## Exercise instructions
Write out the stretch of lines below that begins at the line with "Accessoires, Size Up, Soldes, Promos >" and ends at the line with "調停する恵みふくろうケヴィン マーフィー Hydrate-Me.Wash", including both, exactly as given and nothing more.

## Records
****************************************

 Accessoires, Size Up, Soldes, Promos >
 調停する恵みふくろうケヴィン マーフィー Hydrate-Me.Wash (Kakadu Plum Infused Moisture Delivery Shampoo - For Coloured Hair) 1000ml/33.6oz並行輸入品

****************************************

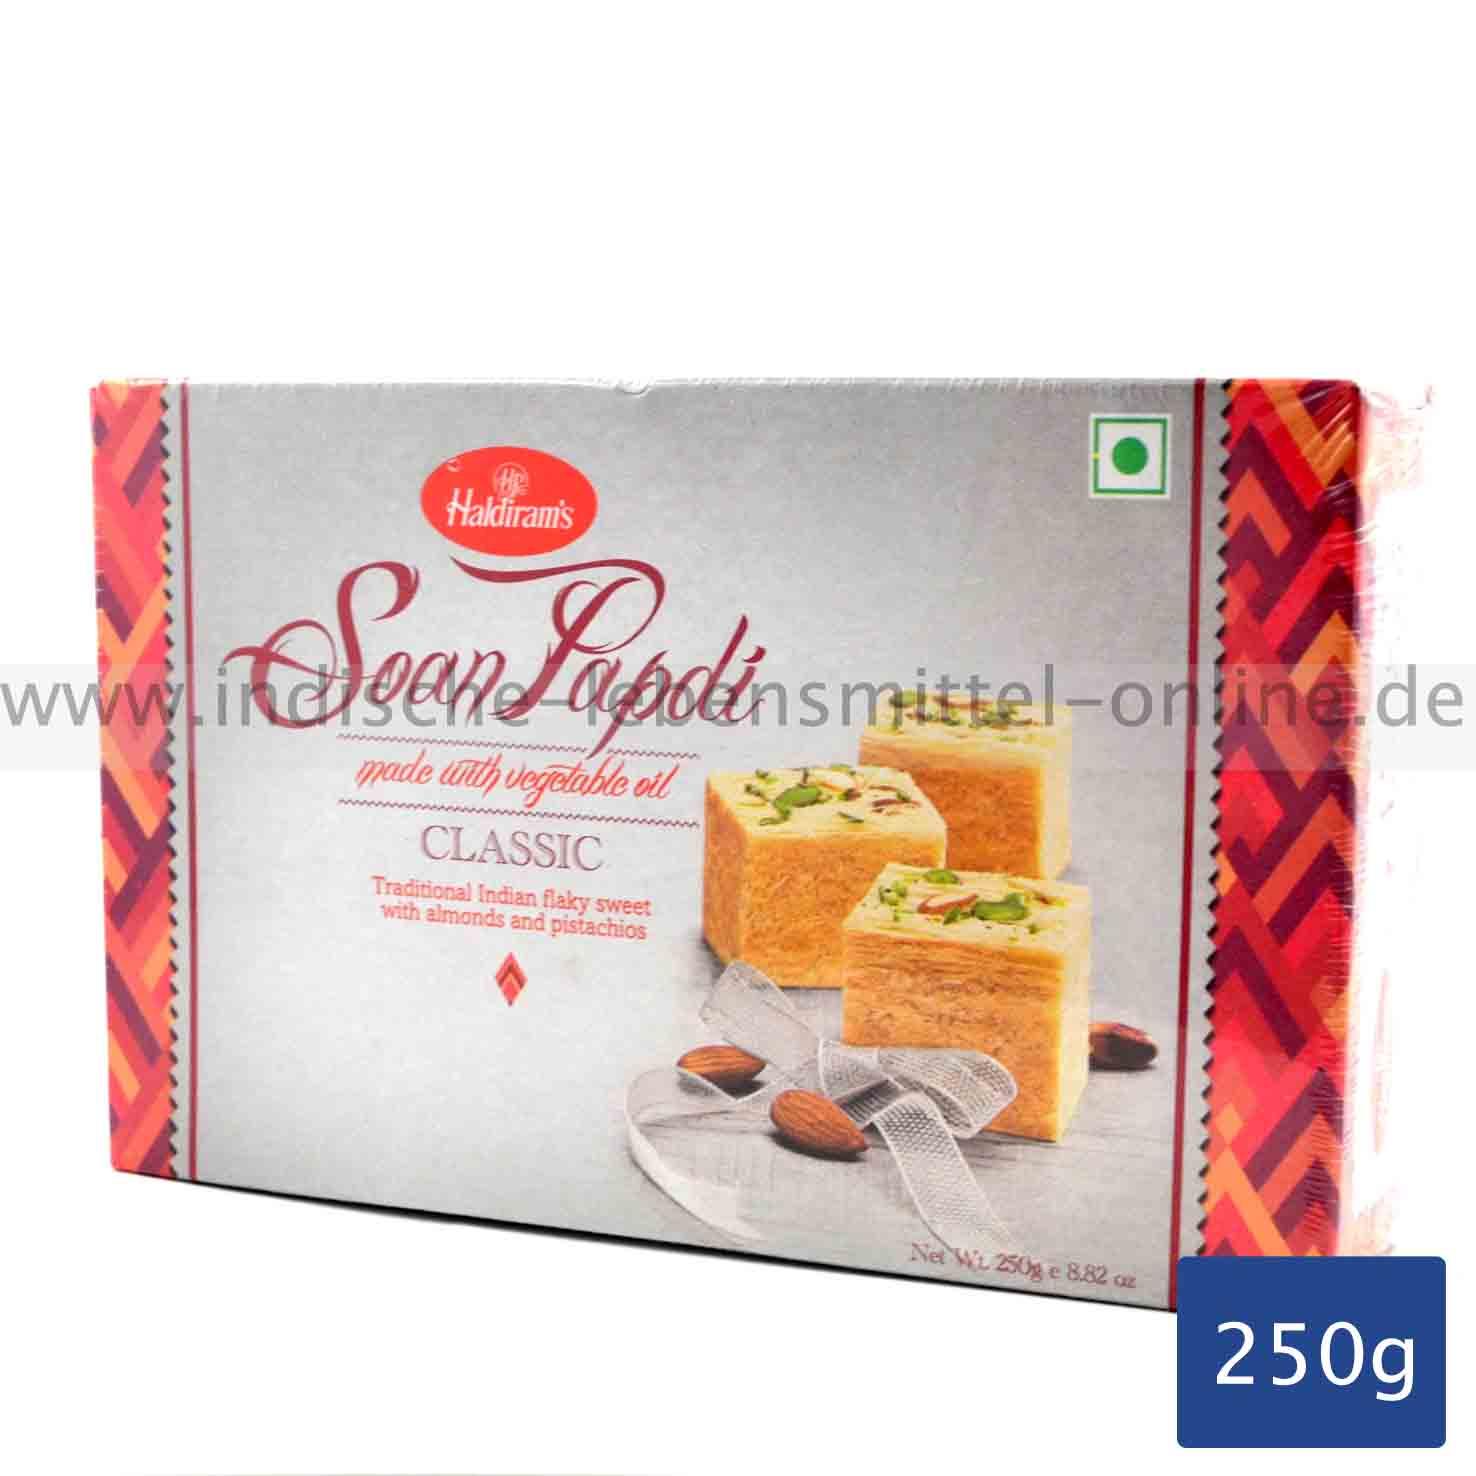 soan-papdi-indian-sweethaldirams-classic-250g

****************************************

## Exercise result
 Accessoires, Size Up, Soldes, Promos >
 調停する恵みふくろうケヴィン マーフィー Hydrate-Me.Wash (Kakadu Plum Infused Moisture Delivery Shampoo - For Coloured Hair) 1000ml/33.6oz並行輸入品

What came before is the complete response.